[colug-432] unix monitoring

Stephen Potter spp at unixsa.net
Tue Mar 1 23:40:20 EST 2016

On 2/24/2016 6:14 PM, Rick Hornsby wrote:
> Zabbix - I have some past experience with 1.x and 2.0/2.2.  The web UI is a little painful.  Just now I quick-like spun up a Zabbix 3.0 instance --- and things on the dashboard are blinking.  No really, green blocks on the screen are blinking.  Please stop blinking, giant blocks.

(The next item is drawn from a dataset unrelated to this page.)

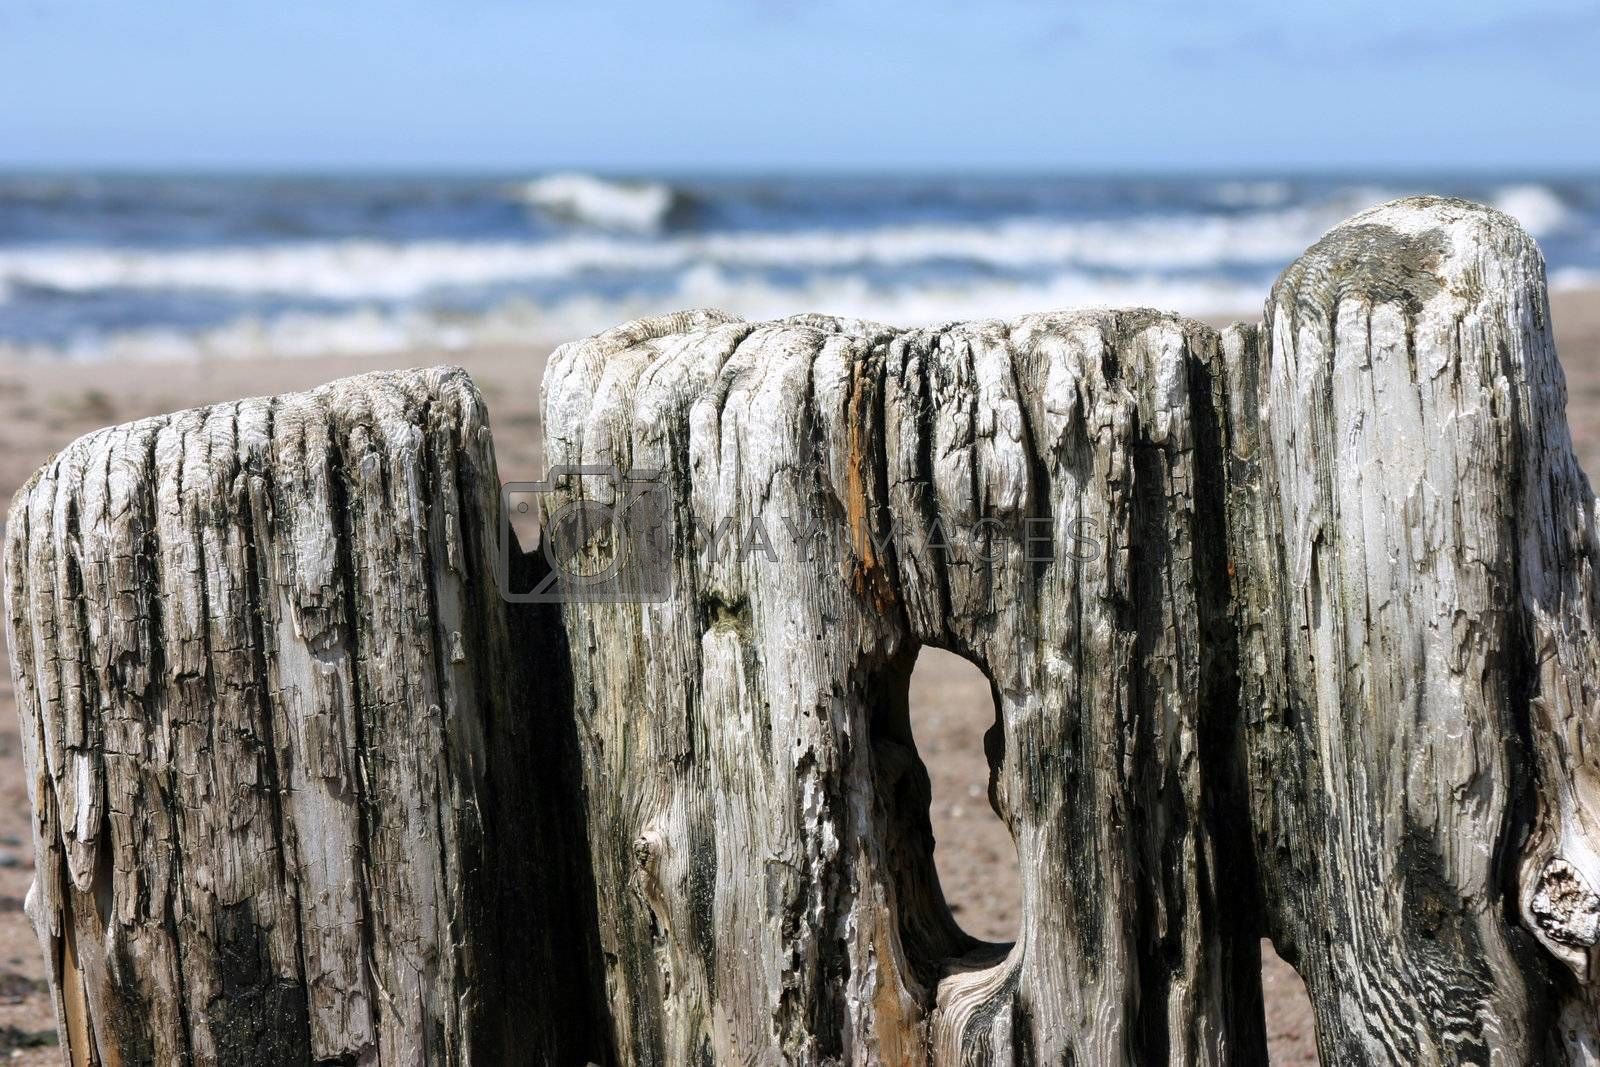 Rotten piles on the seashore, empty Baltic sea beach, natural beauty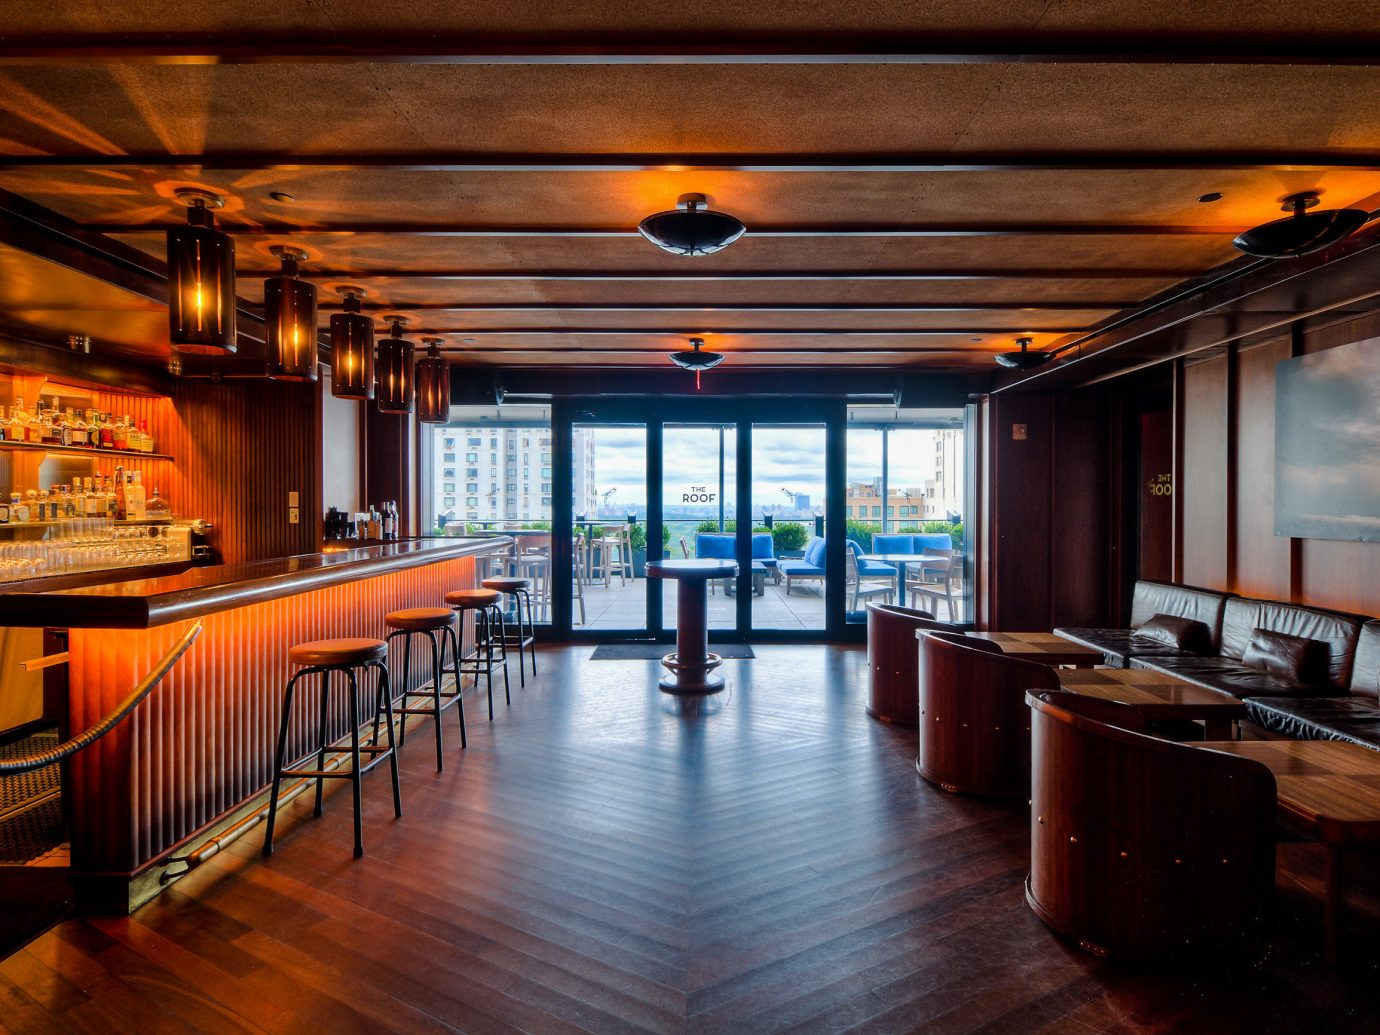 Boutique Hotels Food + Drink Hotels floor indoor ceiling table room restaurant interior design wood Bar wooden real estate Dining long furniture empty area several

I'm using Zabbix 2.4, and while it isn't perfect by any stretch, it 
works pretty consistently.  Although it apparently had been running for 
a few years, it was only installed on about half the environment and 
wasn't really tuned when I first started my new job.  We were getting 
over 100 messages a day!  I've since rolled it out to the rest of the 
environment, tuned the alerts, and gotten our support team to actually 
start to watch the dashboard and react to the emails. We're now getting 
less than 10 a day and those are generally space issues on application 

Easy stuff is pretty easy, hard stuff is harder.  I've got about 650 AIX 
and Linux boxes being monitored.  I recently found one peculiarity that 
I haven't had time to dig into and really understand.  Using 
system.uptime and display it as "uptime" the days number resets or 
overruns.  On linux boxes, it seems to loop at one year, so if a box has 
been up 1 year, 28 days, it will only show 28 days uptime.  On AIX, it 
seems to be around 277 days that it loops and after about 750 days, it 
just starts reporting 0.